Medical professions have the potential to play a critical role in tobacco control in relation to improving services, advocating policies and serving as role models for social change. Currently, there are approximately 190 universities offering programs in public health, nursing, and clinic medicine in China. Nearly 100000 students graduate annually from these faculties, with a significant number being employed by medical institutes38.

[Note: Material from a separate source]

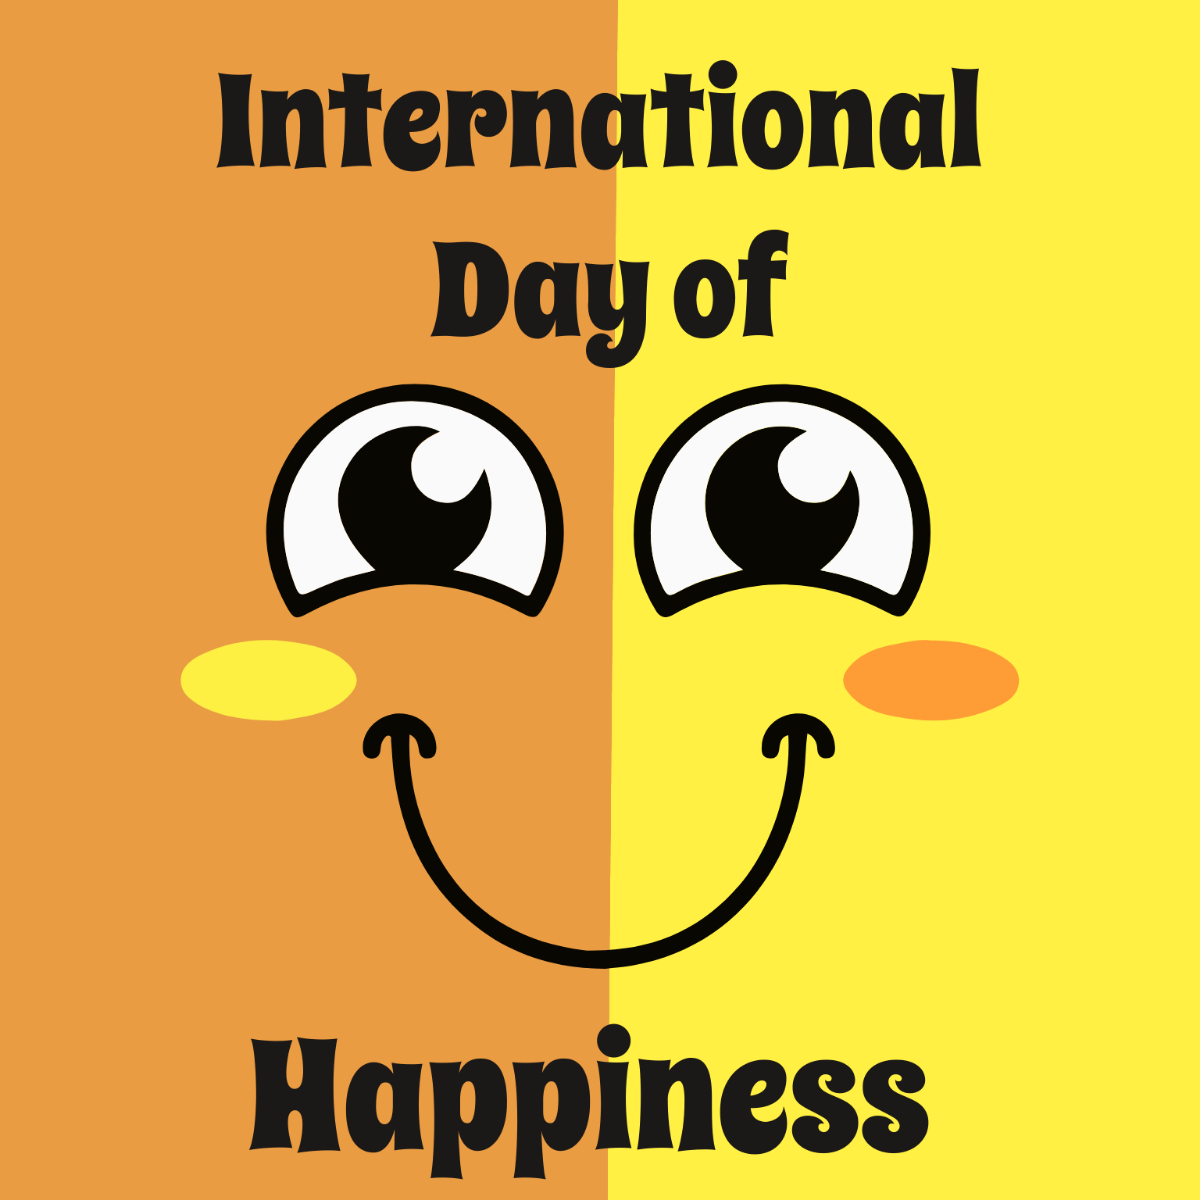 Free International Day of Happiness Illustration Template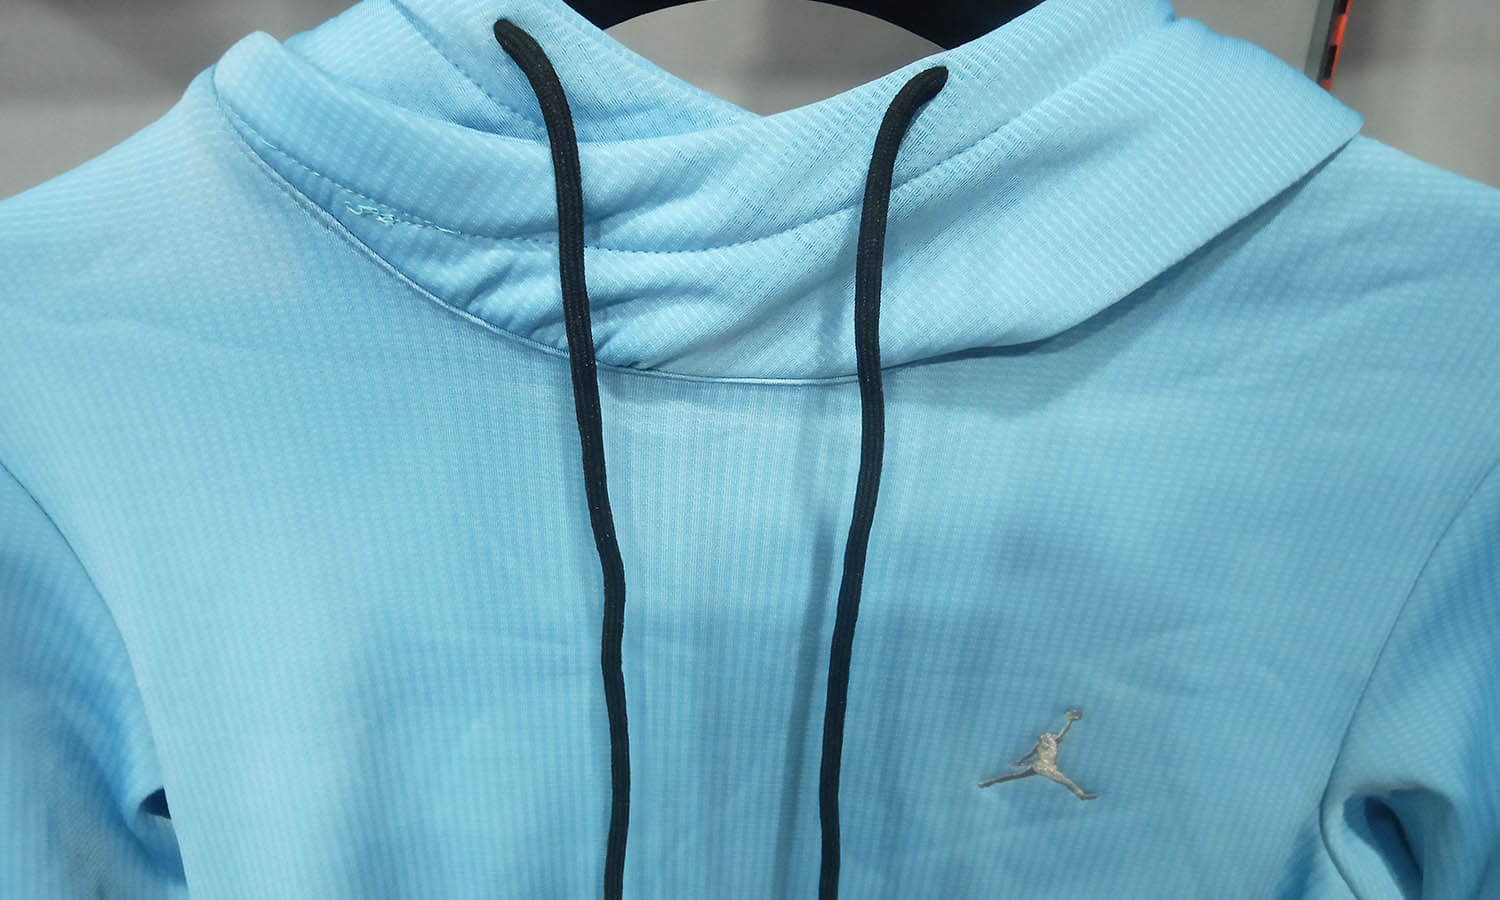 Jordan Cool Pullover hoodie For Winter(Soft & Stylish)

The tobacco epidemic is a major public health threat in China. Although the Chinese National People’s Congress ratified the Framework Convention on Tobacco Control (FCTC) in 2005, implementation of the FCTC recommended activities is progressing very slowly. This slow progress is related to the lack of skilled personnel who can act as advocators to promote anti-tobacco activities. This situation may be related to tobacco control training in medical schools. However, it is gratifying to see that this situation is beginning to change. As a result of this survey, ‘building advocacy capacity’ BI (the Bloomberg Global Initiative Project) projects have involved medical students in 98 universities in China. For example, a project focused on tobacco dependence treatment is in its last year. In this project, a general clinic smoking cessation program was development, and implemented in 10 hospitals, and embedded in the medical curriculum in 50 Universities. In these projects focusing on enhancing tobacco control and smoking cessation capacity training, smoke-free campuses are being implemented. These projects have effectively increased the capacity of the medical community in tobacco control advocacy38,39, and contributed to China’s tobacco control.
Limitations
The study has strengths and limitations. It is the first study to estimate and identify factors associated with smoking susceptibility among never-smoking young adults on a national scale. The cross-sectional study design is an important limitation of our study. Therefore, a causal link between study variables and smoking susceptibility cannot be established. However, we employed a large sample, and our findings met several criteria for inferring causality, including the strength of some associations, their consistency, and plausibility of effect. Future studies need to compile longitudinal surveillance data to examine smoking susceptibility and initiation. A second study limitation is bias in our study, as some possible potential confounding factors were not controlled.
CONCLUSIONS
This study provides new information about susceptibility to smoking and its determinants among medical students in China. This may help to partly understand the high smoking prevalence among physicians in China. These findings underscore the importance of conducting tobacco control training and establishing smoke-free campuses for reducing susceptibility to smoking among medical students.